Приск распахнул ее так резко, что стоявший за ней мальчишка лет восьми едва не упал.
— Лекарь явился… — сообщил мальчонка, с изумлением заглядывая в комнату — что это хозяин так дергается?
Приск молчаливо махнул рукой в сторону кресла, давая понять, что, мол, раненый здесь, и им можно заняться. А сам вышел в атрий.
Чудища морские получились почти как настоящие. Рыбы били хвостами и разевали рты, очутившись на берегу, кальмары скручивали узлами щупальца, морские звезды лежали на песке — только протяни руку и возьми. Мастер в точности перенес рисунок хозяина на пол, подобрал камешки с любовью: множество оттенков серого — от темного, почти черного, до мутновато-белого, каким бывает густой туман в дакийских ущельях, синие камешки — от лазури до густого черно-синего (такой бывает морская пучина во время шторма, когда ярится и надувает щеки Борей). А вот и желтый — золотистый, воистину солнечный, а рядом светлый, как лепестки отцветающего лютика…
Кориолла сидела на скамье в атрии, поджидая мужа. Накануне они немного поцапались, и теперь Кориолла первая — как всегда — искала примирения. И еще она надеялась — опять же как всегда — настоять на своем.
Заслышав шаги Гая, Кориолла вскочила, одернула длинную столу — хозяйке богатого дома не пристало расхаживать в короткой тунике даже по комнатам.
— Пойдем в сад, я покажу тебе грядку с левкоями… — улыбнулась она.
Когда она улыбалась, на щеках появлялись ямочки. До рождения сына их не было. После вторых родов Кориолла располнела, но полнота ей шла, делала более женственной.
Перистиль был гордостью хозяйки, ее детищем. С двух сторон окруженный портиками — и в каждом по двенадцать новеньких беломраморных колонн. По углам чернели туи и кипарисы, а на грядках с левкоями творилось розово-лиловое буйство.

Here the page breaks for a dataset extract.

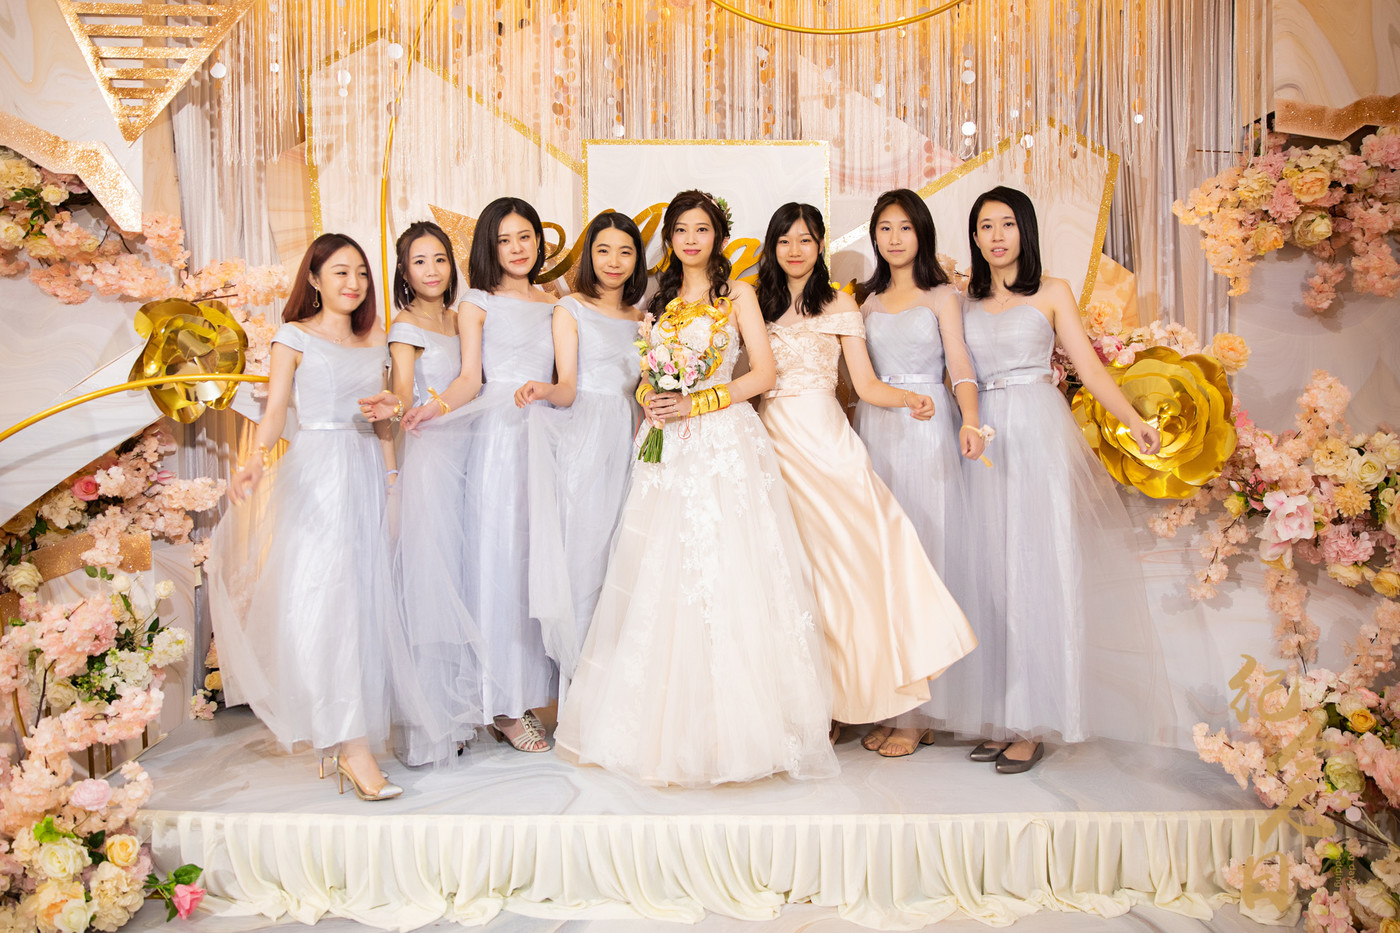 婚礼 | 志明&琳琳63

«Тот самый кипарис», — подумал Приск, глядя на старое дерево в углу садика.
Тот самый кипарис, что рос еще в дни, когда отец учил недотепу-сына орудовать гладиусом и фракийским клинком. Сколько лет с тех пор миновало? Восемнадцать? Или девятнадцать даже. Ну да, это был 847 год от основания Рима[24], девятнадцать лет назад его отец тренировал в этом перистиле Мевию и юного Гая. Девятнадцать лет пронеслись галопом, посеребрив виски и оставив немало отметин на теле. И на душе — тоже.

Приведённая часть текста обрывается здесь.